Something that might interest you is that you can actually define an “optimal” hash function that provably has no bias.

f(x) = (ax + b mod p) mod 2^n

p is a prime larger than any message you want to hash. a and b are random natural numbers between zero and p and unique for each hash operation. n is the size of the hash in bits.

There is no way with this scheme that the choice of x can bias the result of f(x).

While this is a perfect hashing algorithm, if x is larger than just a few bytes, this calculation starts to have a serious performance penalty

This scheme is the hashing equivalent of the one-time pad and can be used to provide provably secure authentication.

Simon.

I haven’t encountered a situation where 70000 entries are stored in a hashtable yet. It boggles my imagination to think of a business rule that requires such.
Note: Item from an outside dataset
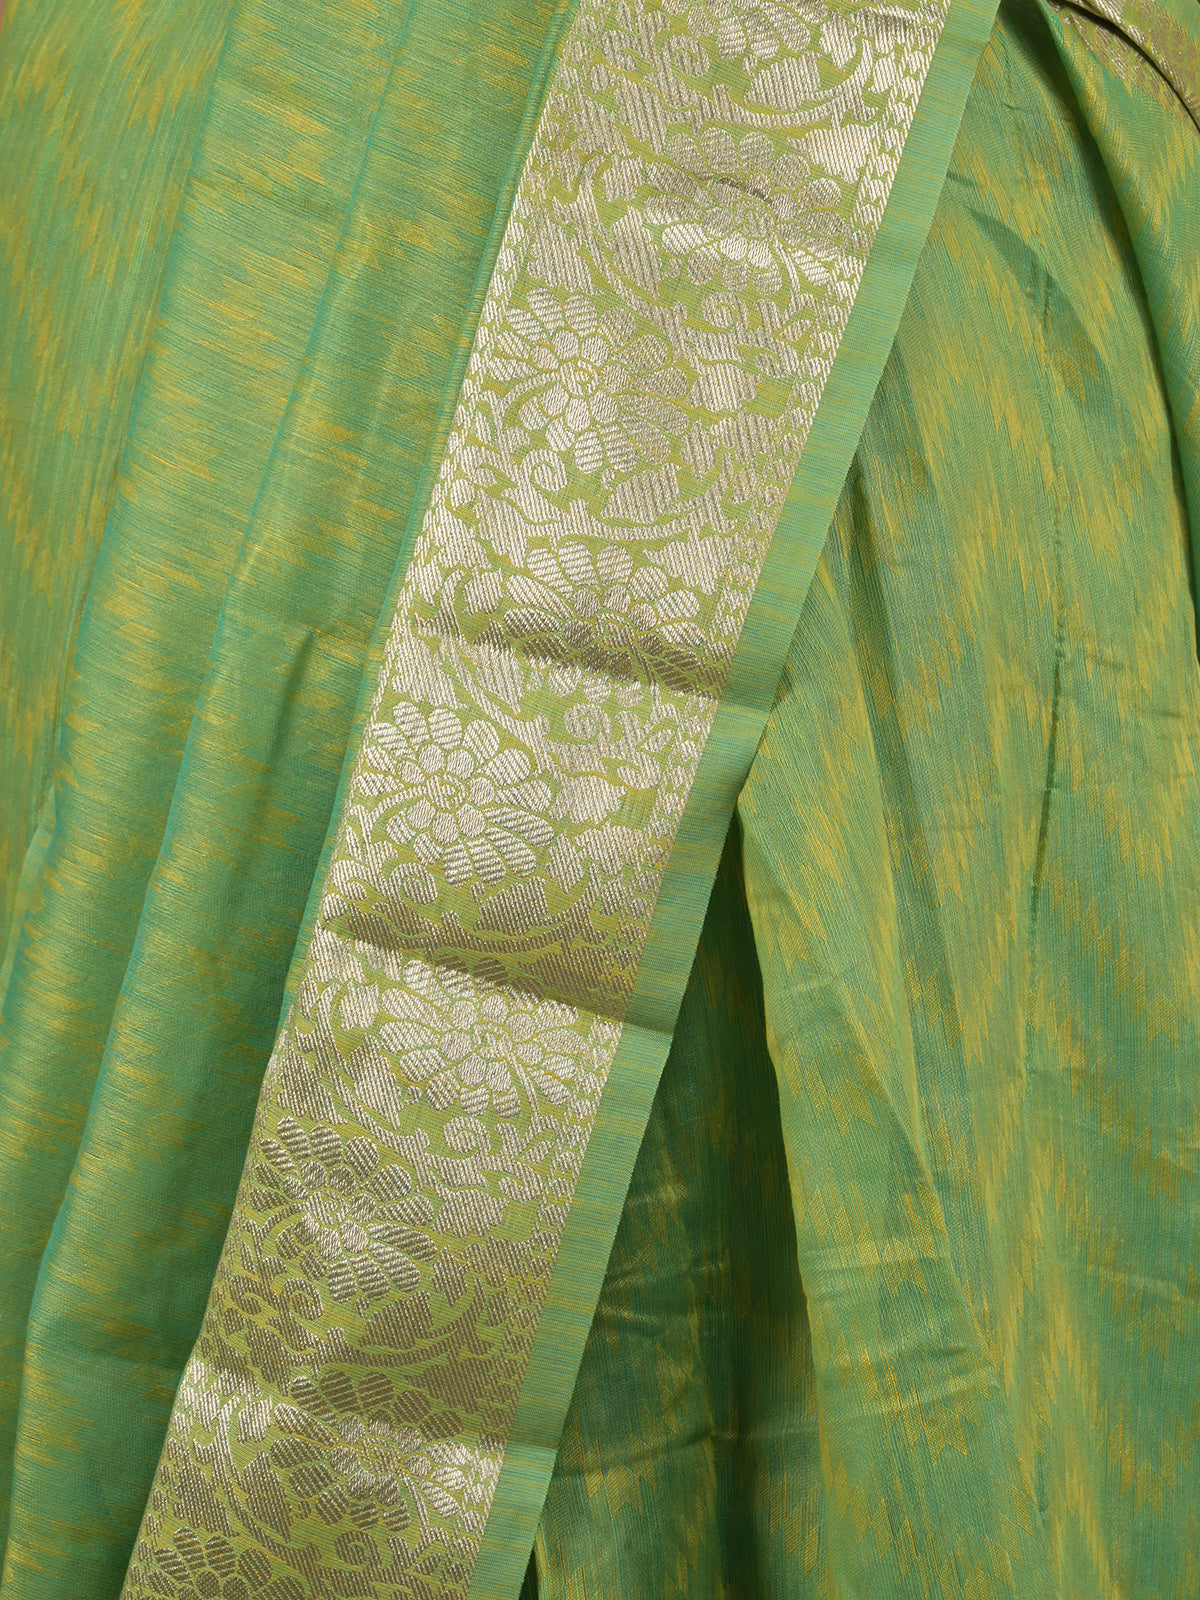 Odette Green Cotton Blend Woven Saree with Unstitched Blouse for Women

It could be possible if it was a simulation. Are there any swarm or repast users out there that can confirm this?

Uh, guys, the .NET hash table doesn’t use chaining. It’s a moot point whether you’d use a linked list or a sorted list (and if you’re going to go the memory-bloat route, why not use something even more efficient like another hash table or a btree?).

Almost every real-world hash table uses some form of re-hashing, and keeps its load factor below 50%. I know you CS types love to argue about this stuff, but the problem’s already been solved for 99% of plausible real-world scenarios. And if it doesn’t solve yours, then you probably need a more consistently-efficient data structure, like a tree or graph.